A double-network porous hydrogel based on high internal phase emulsions as a vehicle for potassium sucrose octasulfate delivery accelerates diabetic wound healing

Abstract

Diabetic wounds are a difficult medical challenge. Excessive secretion of matrix metalloproteinase-9 (MMP-9) in diabetic wounds further degrades the extracellular matrix (ECM) and growth factors and causes severe vascular damage, which seriously hinders diabetic wound healing. To solve these issues, a double-network porous hydrogel composed of poly (methyl methacrylate-co-acrylamide) (p(MMA-co-AM)) and polyvinyl alcohol (PVA) was constructed by the high internal phase emulsions (HIPE) technique for the delivery of potassium sucrose octasulfate (PSO), a drug that can inhibit matrix metalloproteinases (MMPs), increase angiogenesis, and improve microcirculation.

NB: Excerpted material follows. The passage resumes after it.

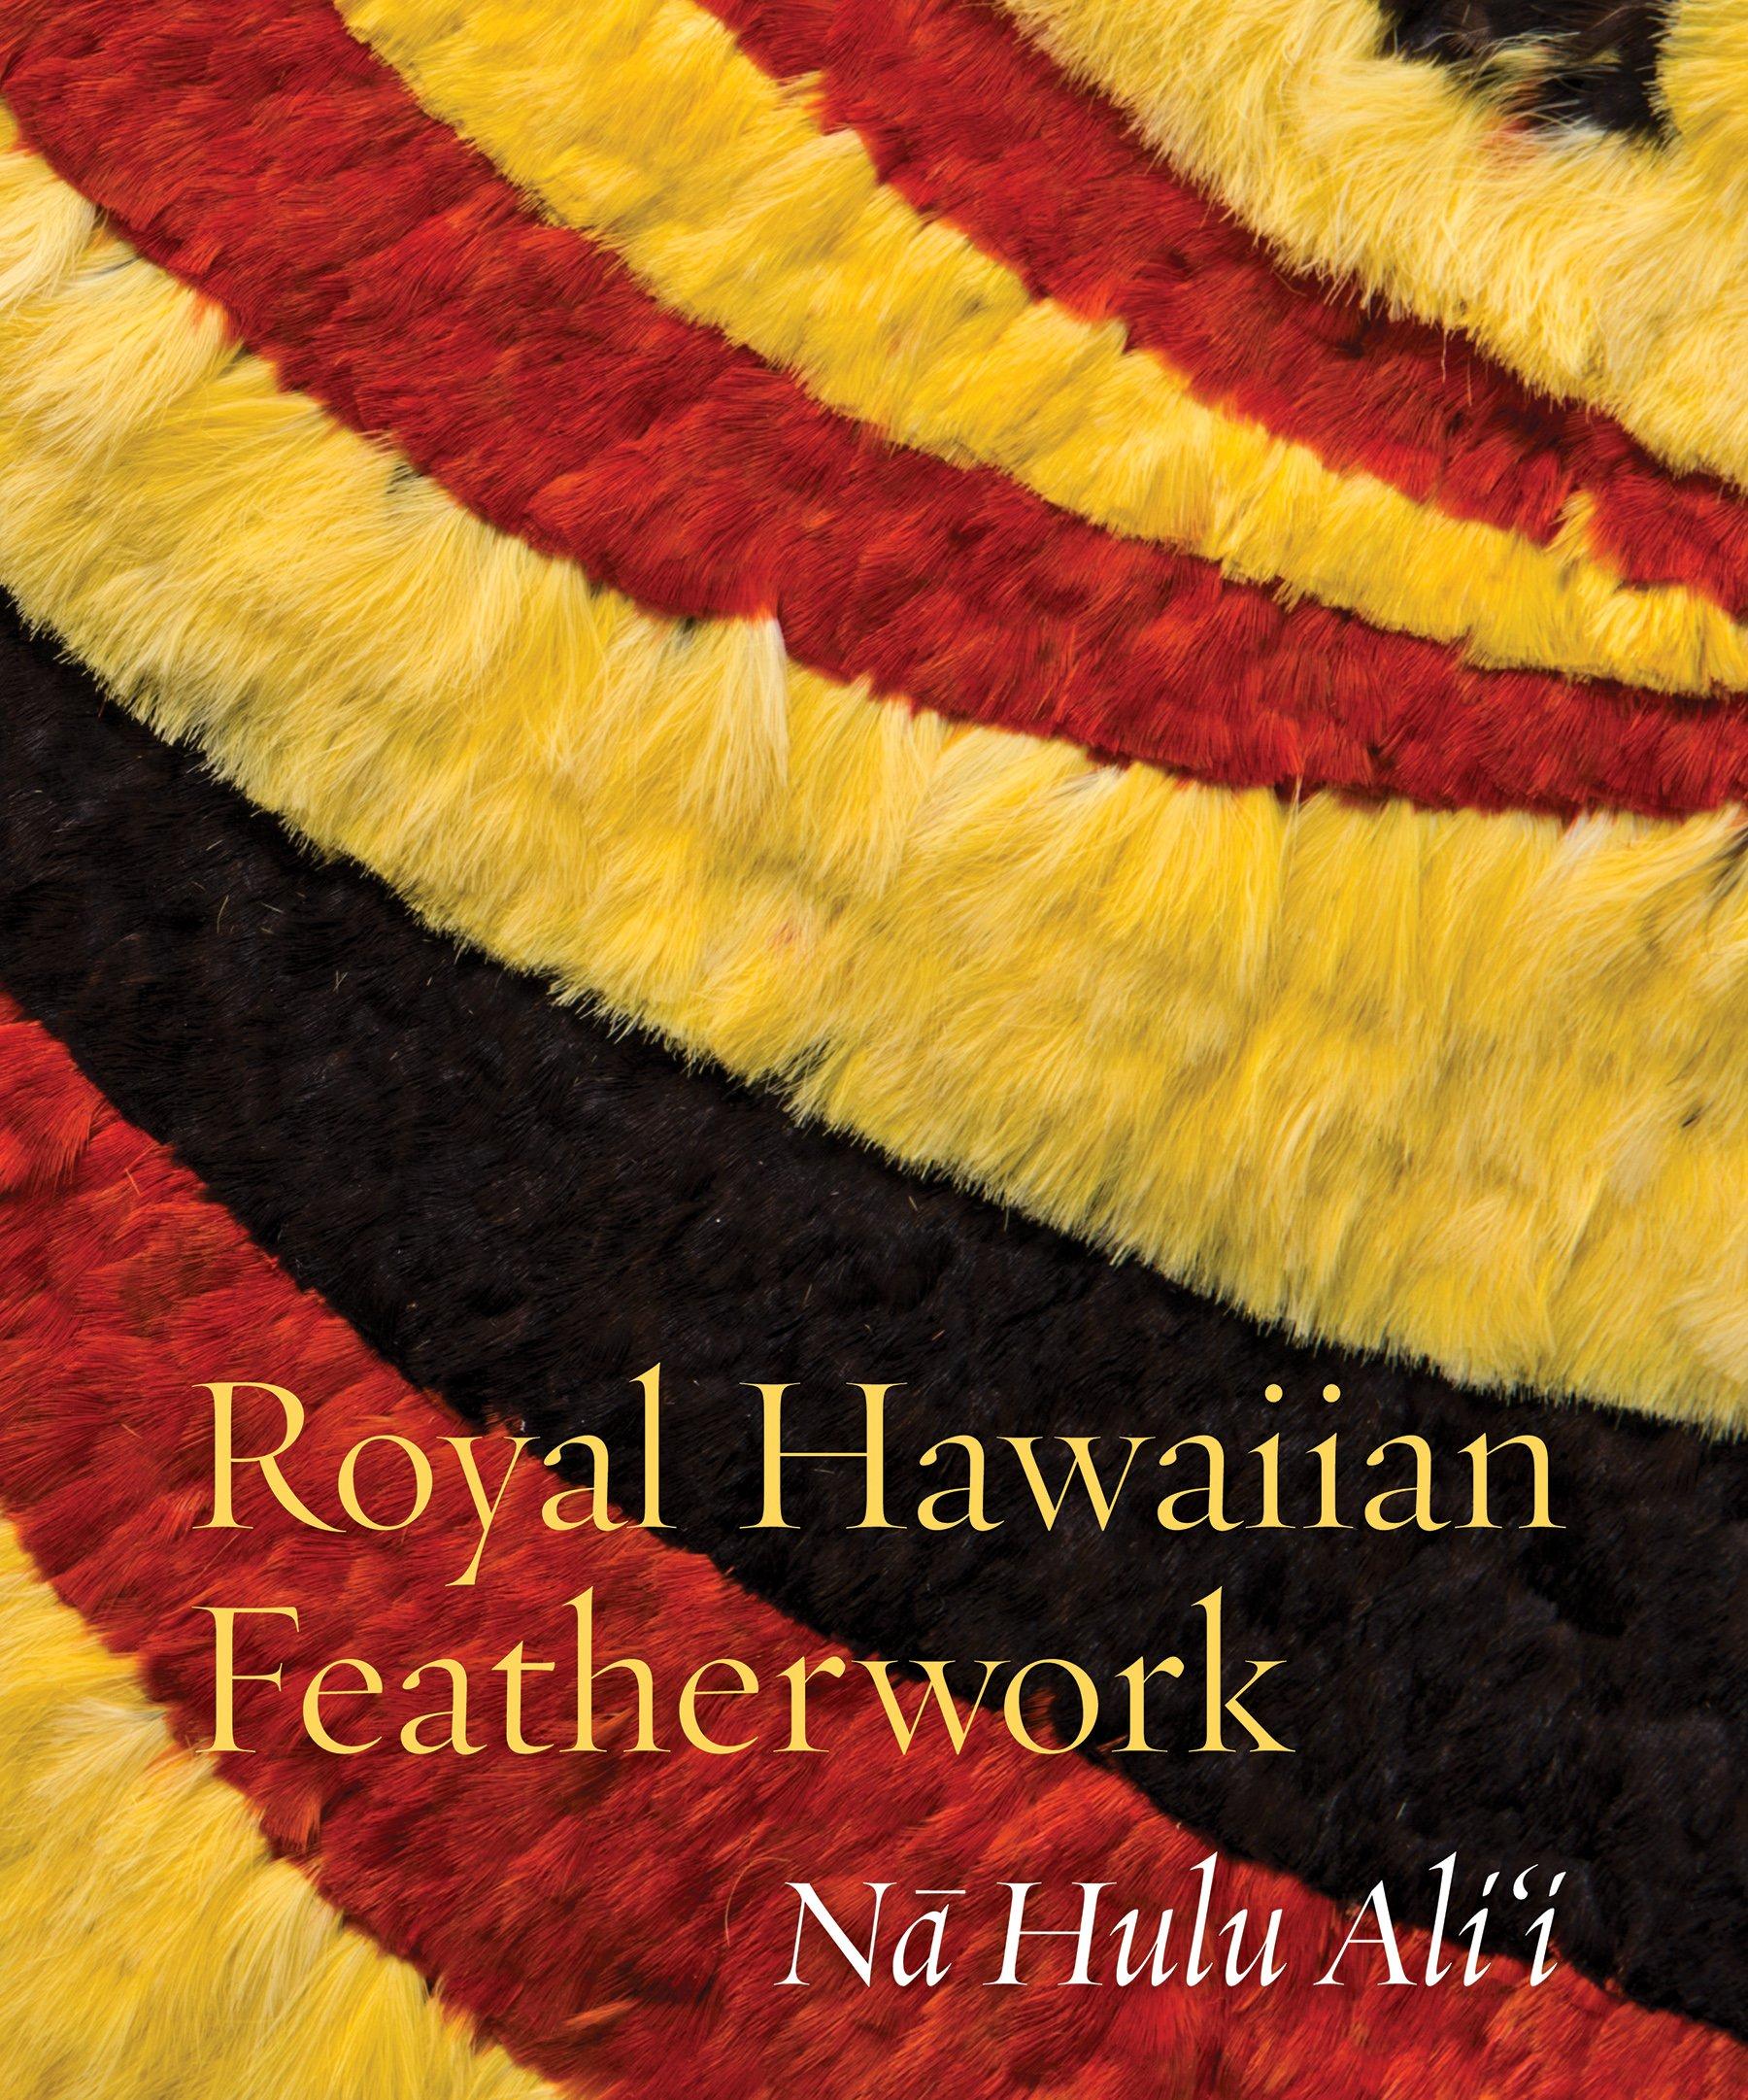 Royal Hawaiian Featherwork Na Hulu Alii Leah Pualahaole Caldeira - Us zip code for hulu

The hydrogel possessed a typical polyHIPE hierarchical microstructure with interconnected porous morphologies, high porosity, high specific surface area, excellent mechanical properties, and suitable swelling properties. Meanwhile, the p(MMA-co-AM)/PVA@PSO hydrogel showed high drug-loading performance and effective PSO release. In addition, both in vitro and in vivo studies showed that the p(MMA-co-AM)/PVA@PSO hydrogel had good biocompatibility and significantly accelerated diabetic wound healing by inhibiting excessive MMP-9 in diabetic wounds, increasing growth factor secretion, improving vascularization, increasing collagen deposition, and promoting re-epithelialization. Therefore, this study provided a reliable therapeutic strategy for diabetic wound healing, some theoretical basis, and new insights for the rational design and preparation of wound hydrogel dressings with high porosity, high drug-loading performance, and excellent mechanical properties.